Work on erecting the four support scaffolds began in mid-March, 2008. On the shore of Governors Island construction teams used pile driving to secure the scaffolding in place. This method was not used at the other locations for various reasons, including the effects of vibrations through car and subway tunnels. Once completed, the scaffolding would total 64000 sqft and weigh 270 tons. Eliasson has said that the scaffolds themselves were designed to blend in with their urban surroundings, but that he purposely did not try to conceal them, explaining he "want[s] people to know that this is both a natural phenomenon and a cultural one."
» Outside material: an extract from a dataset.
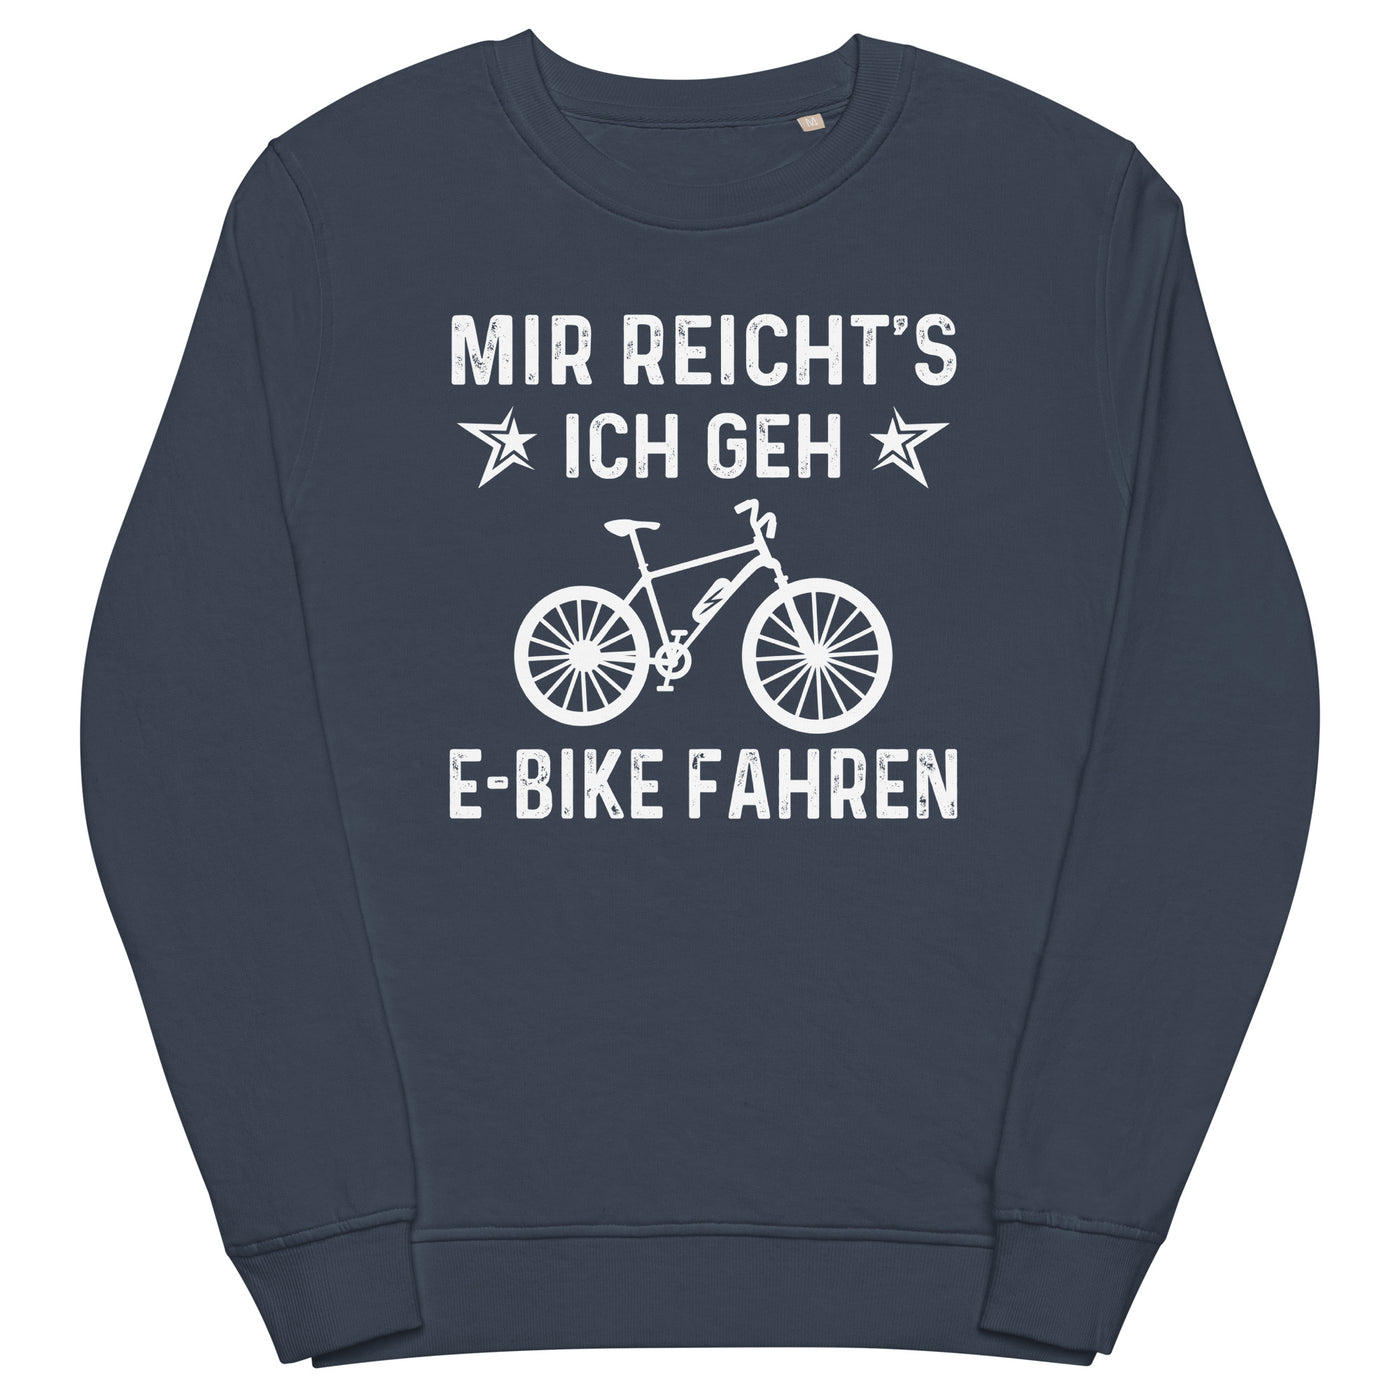 Mir Reicht's Ich Gen E-Bike Fahren - Unisex Premium Organic Sweatshirt e-bike xxx yyy zzz French Navy

Construction involved the work of 108 different people, including two environmental consultants. The installation was designed to be ecologically-friendly. Some example of this are energy efficient LED lighting by US-based LED Lighting Designers & Manufacturers Boca Flasher, Inc., energy purchased from renewable sources and the filters used to keep aquatic life from taking a ride up-and-over the waterfall. When the project closed the materials were intended to be made available for re-use in a future project.

===Costs===
The over $15 million project had no city funding and was paid for entirely by private organizations, business and donors. Mayor Michael Bloomberg's company, Bloomberg LP, donated $13.5 million. With estimates that the waterfalls could generate up to $55 million for the local economies, the Lower Manhattan Development Corporation gave $2 million to the effort.

==Environmental impact==
During the run, trees and shrubs along the Brooklyn Heights Promenade were damaged as a result of the saltwater blown into the parks during high winds. Several steps were taken to solve this problem which included cutting the running time to 50 hours a week instead of the original 101. At the Brooklyn Bridge, the owner of The River Café claimed customer loss and plant replacements as a result of the winds on the falls. The known damages were getting attention to the point that The Brooklyn Heights Association asked the committee to take down the falls after Labor Day, instead of the original date.

==Reception==
Critical reaction to the project was largely positive. Writing in The New York Times, art critic Roberta Smith praised the installation, describing the four waterfall as evoking signs of a natural world largely paved over by the city and noting how they appeared miragelike when illuminated at night. In The Village Voice, Lynn Yaeger offered a more critical response arguing that Eliasson had persuaded the city to host a project that fell short of its ambitions.
Public attendance exceeded expectations. According to a study by the New York City Economic Development Corporation, the installation drew approximately 1.4 million visitors and generated an estimated $69 million in direct and indirect economic activity for the city, surpassing the $55 million initially projected.